The reason this framing is useful maps directly onto the threat data. Simon Willison’s “lethal trifecta” (private data + untrusted content + outbound communication) and Meta’s “Agents Rule of Two” both say the same thing: an agent that can read secrets and act externally and be steered by untrusted text is exploitable by a single injected prompt. SecureClaw attacks two legs of that trifecta structurally — the secret never reaches the planner in usable form, and the external action never fires without a trusted commit. That is why guarding only one boundary, as many output-filter or planner-hardening defenses do, leaves the other surface open.
Defenses
If you build or operate tool-using agents, the actionable takeaways do not require adopting this specific paper:
- Separate “read a secret” from “use a secret.” Hand the agent an opaque handle or a bounded summary, not raw plaintext. The model should be able to reference a credential or record without ever having it in context, so an injection cannot exfiltrate what was never readable.

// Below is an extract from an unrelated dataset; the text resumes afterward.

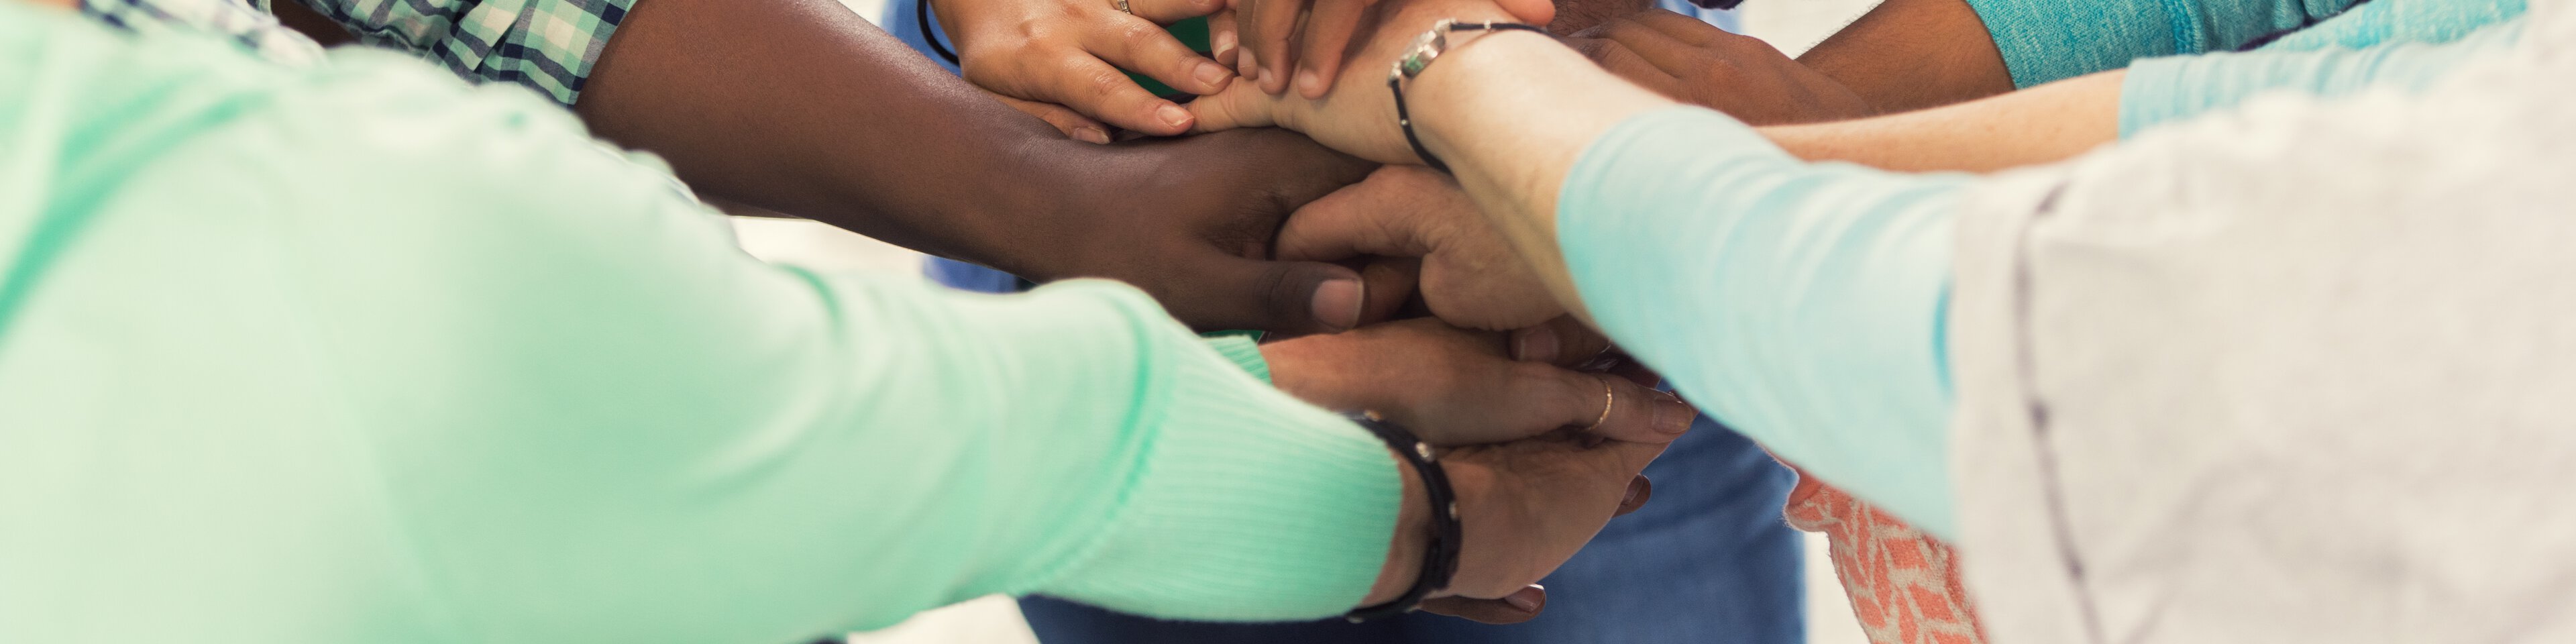 Junge Menschen legen Ihre Hände beim Freiwilligendienst aufeinander | © Steve Debenport/Getty Images

- Gate every state-changing action behind a trusted executor. Adopt a preview-then-commit flow where a non-LLM component commits only the exact, policy-approved request. Never let the planner’s free-form output be the thing that fires the side effect.
- Defend both boundaries, not one. An output filter alone does not stop in-runtime relay leakage; planner hardening alone does not stop unauthorized writes. Map your agent against both failure modes and confirm each has a control.
- Apply the Rule of Two as a budget. Where an agent would combine private-data access, untrusted input, and external communication without a human in the loop, treat that as the case requiring the strongest structural containment — or human approval.
- Validate with adversarial benchmarks. Test candidate defenses against suites like AgentDojo and ASB and watch both attack-success and leakage metrics, not just task utility, before trusting a configuration in production.
Status
| Item | Reference | Date | Notes |
|---|---|---|---|
| SecureClaw paper | arXiv:2606.09549 | 2026-06-08 | Dual-boundary architecture; v1 |
| Reported results | arXiv:2606.09549 | 2026-06-08 | 0% ASR (ASB), 0.64% ASR (AgentDojo), 3.23% leak (AgentLeak) — authors’ harness |
| Design Patterns for Securing LLM Agents | arXiv:2506.08837 | 2025-06-10 | Related “constrain the agent” defensive framing |
| OWASP State of Agentic AI Security 2026 | Help Net Security | 2026-06-11 | Prompt injection maps to 6 of 10 agentic categories |
The honest framing is not “prompt injection is solved.” It is that the most credible defenses are moving from “make the model refuse bad instructions” to “make sure a compromised model cannot read what it shouldn’t or do what it shouldn’t.” SecureClaw is a fresh, concrete example of that shift — worth reading if you own an agent that touches both secrets and the outside world.